Speakers warn of parallels between 1898 Wilmington Massacre and today

The Wilmington 1898 Observance Committee held a town hall event commemorating the 124th anniversary of the massacre and coup d’etat, where warned parallels to today’s hate groups and threats to democracy.
The Wilmington 1898 Observance Committee held a town hall event commemorating the 124th anniversary of the massacre and coup d’etat, where warned parallels to today’s hate groups and threats to democracy.

The Wilmington 1898 Observance Committee held a town hall event Saturday commemorating the 124th anniversary of the massacre and coup d’etat, where speakers warned of parallels to today’s hate groups and threats to democracy.
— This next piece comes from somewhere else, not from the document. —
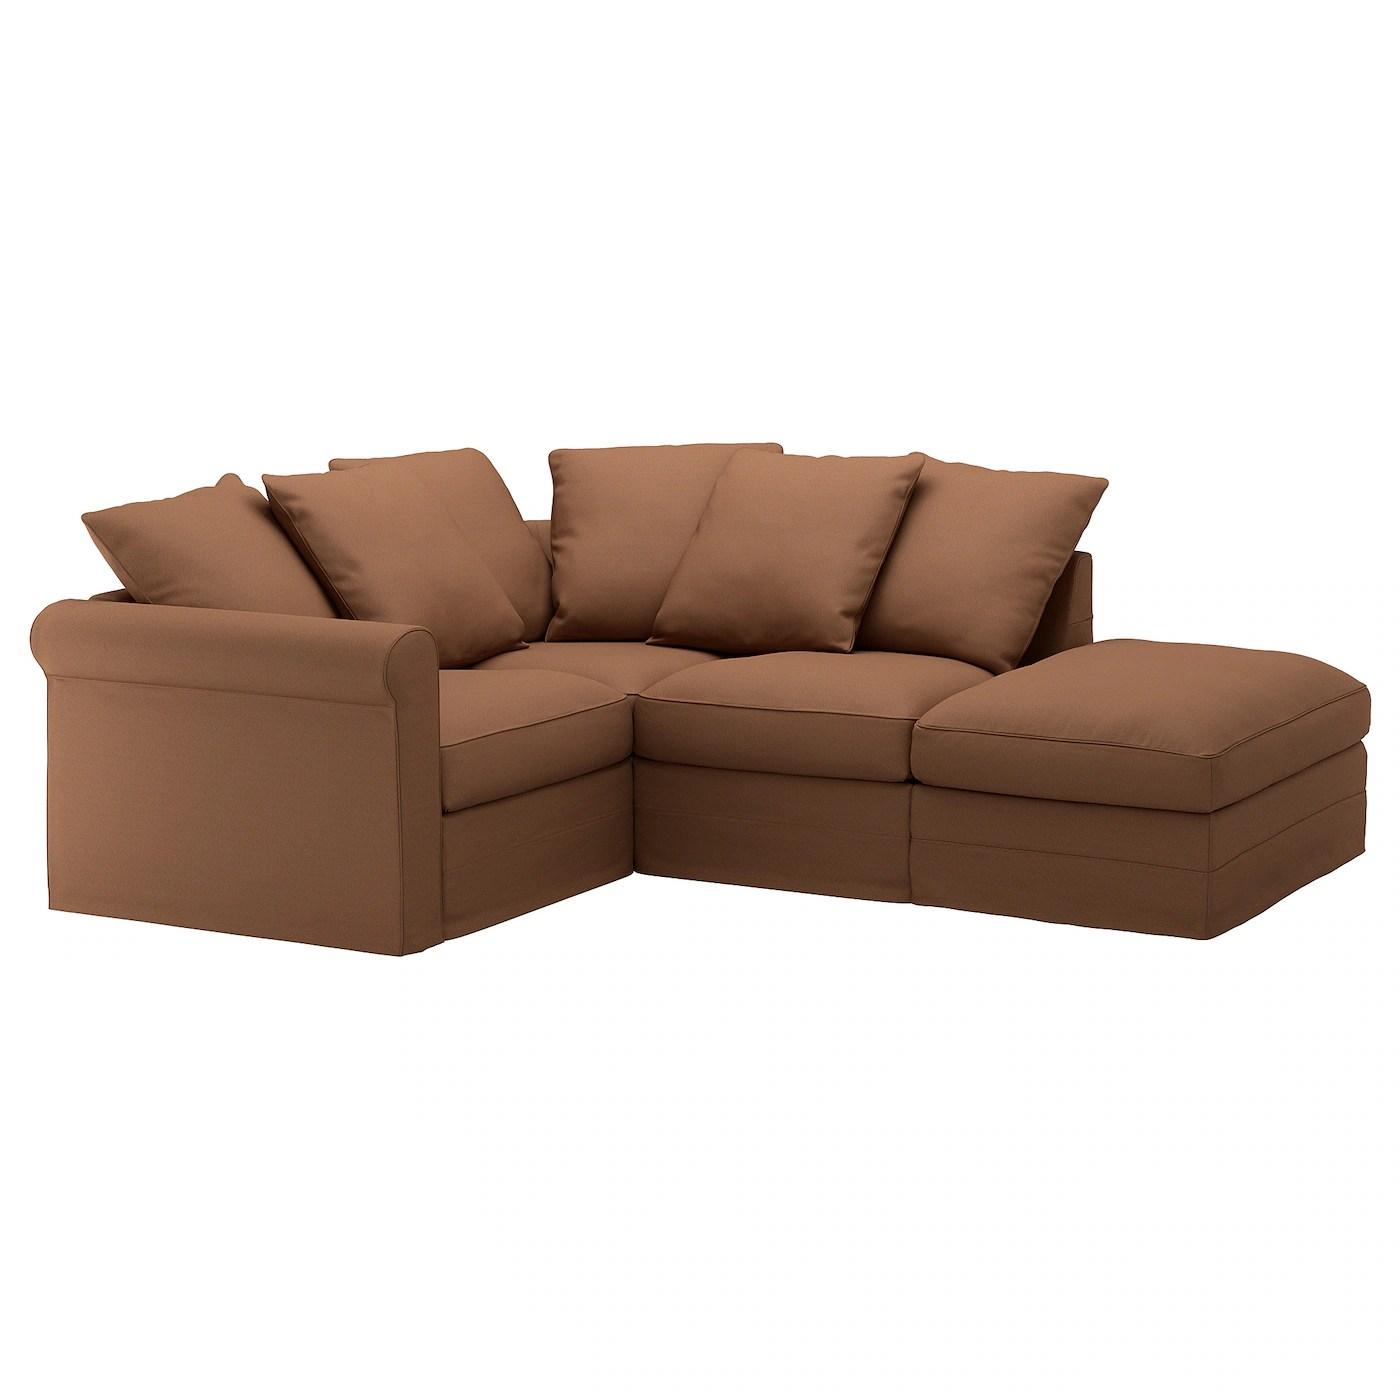 corner sofa bed dublin blue furniture village beds review home co

The event was sponsored by the Wilmington Journal Breakfast Club and was part of a week of events commemorating Nov. 10, 1898, when armed white men violently overthrew the Wilmington City Council, set the office of the city's Black-owned newspaper, The Daily Record, ablaze and attacked Black residents on the north side of town.

Tim Tyson, author of "Democracy Betrayed: The Wilmington Race Riot of 1898 and Its Legacy," detailed at the event how though the violence was most dramatic in Wilmington, it was widespread throughout the state and marked the end of democracy in North Carolina for Black Americans. Tyson is a senior research scholar at the Center for Documentary Studies at Duke University and also holds a faculty position in the Department of American Studies at the University of North Carolina.
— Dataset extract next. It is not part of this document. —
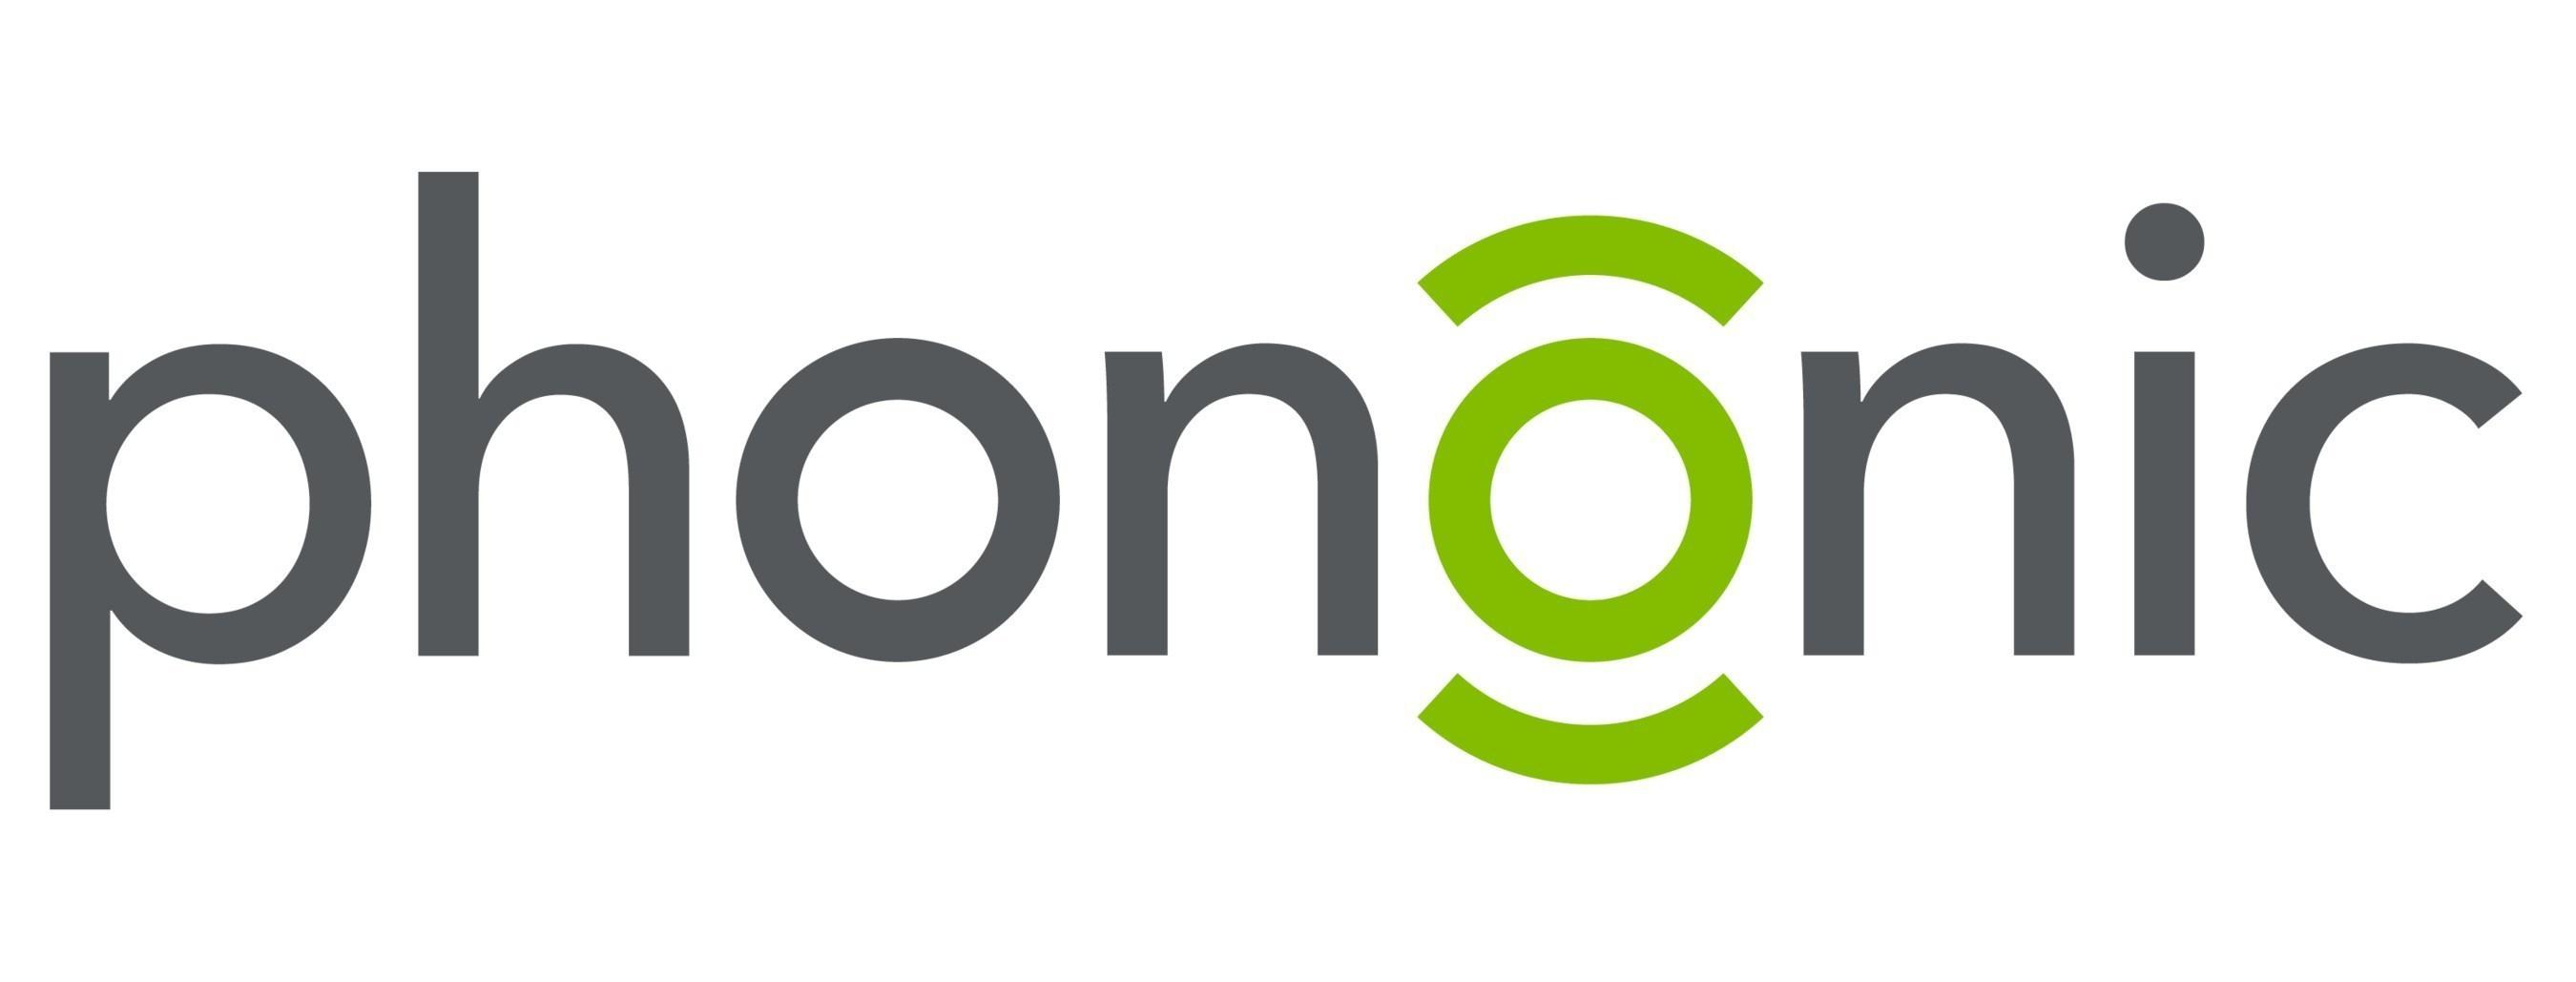 Phononic logo

More:Williston High School’s origins date to Civil War

Tyson said the attack on Black people in the city followed a contested election and a media campaign orchestrated by North Carolina’s Democratic Party that used speeches, cartoons, and the threat of violence to create support for white supremacy.

During the election, armed and violent groups like the Red Shirts patrolled polling stations, which speakers like Blueprint N.C. Executive Director Sonya Sebring likened to the Proud Boys today.

At the time, Wilmington was the largest city in the state, had a Black majority, and was a stronghold for Black political and economic power, Tyson said. Because of the massacre and its chilling effect on voting rights, Tyson argued the post-Civil War South was robbed of a multiracial democracy that was winning elections before the political violence.

“We could be looking at a very different kind of South right now,” he said.

Other speakers included Kojo Nantambu, pastor of Temple of Truth, Light and Life church in Wilmington, and Christopher Madden, principal at Williston Middle School, where the event was held.

The school first opened in its current location in 1915 and has had a long tradition as a social center for Wilmington's Black community. It was the first fully accredited Black high school in the state but was closed during integration so that white-majority schools could remain open. Williston students were instead moved to New Hanover or Hoggard high schools.

Descendents of survivors of the massacre were in attendance, including the family of Alex Manly, editor of The Daily Record, and Joshua Halsey, another of the many Black murder victims that day.

The Wilmington 1898 Observance Committee advocates for reparations for descendants of the victims of the massacre and for education about it in all schools throughout the state.